[algo] support cispo algorithm (#6572)

hjh0119 · web-flow · commit 35aa1118ed8a · 2025-11-19T17:09:46.000+08:00
diff --git a/docs/source/Instruction/Command-line-parameters.md b/docs/source/Instruction/Command-line-parameters.md
@@ -561,7 +561,7 @@ reward模型参数将在PPO、GRPO中使用。
 - dataset_shuffle: 是否对dataset进行随机操作，默认为True。
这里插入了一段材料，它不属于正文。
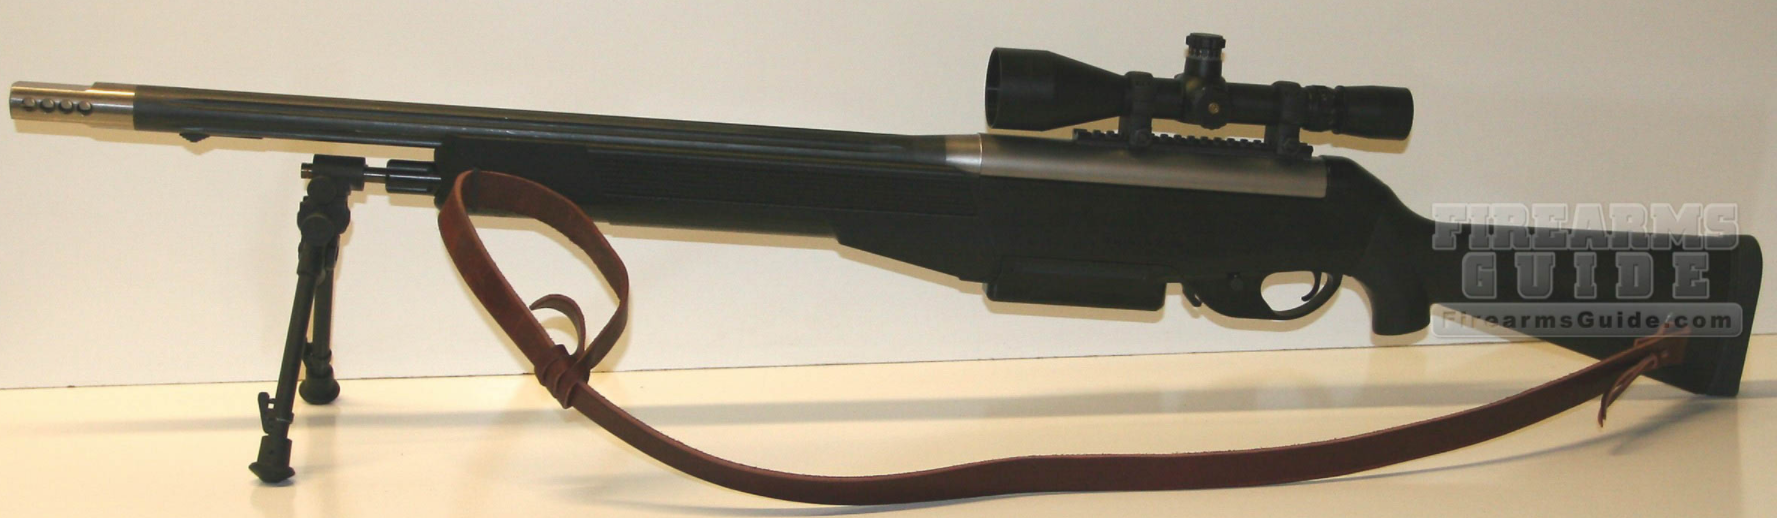 Vigilance Rifles VR1 Synthetic

 - truncation_strategy: 对输入长度超过 `max_length`的处理方式，支持`delete`和`left`，代表删除、左侧裁剪，默认为`left`, 注意对于多模态模型，
 左裁剪可能会裁剪掉多模态token导致模型前向报错shape mismatch。使用`delete`方式，对于超长数据和编码失败的样例会在原数据集中重采样其他数据作为补充。
-- loss_type: loss 归一化的类型，可选项为['grpo', 'bnpo', 'dr_grpo'], 默认为'grpo', 具体查看该[pr](https://github.com/huggingface/trl/pull/3256#discussion_r2033213348)。
+- loss_type: loss 归一化的类型，可选项为['grpo', 'bnpo', 'dr_grpo', 'dapo', 'cispo'], 默认为'grpo', 具体参考[文档](./GRPO/DeveloperGuide/loss_types.md)
 - log_completions: 是否记录训练中的模型生成内容，搭配 `--report_to wandb/swanlab` 使用。默认为False。
   - 提示：若没有设置`--report_to wandb/swanlab`，则会在checkpoint中创建`completions.jsonl`来存储生成内容。
 - use_vllm: 是否使用 vLLM 作为 GRPO 生成的 infer_backend，默认为False。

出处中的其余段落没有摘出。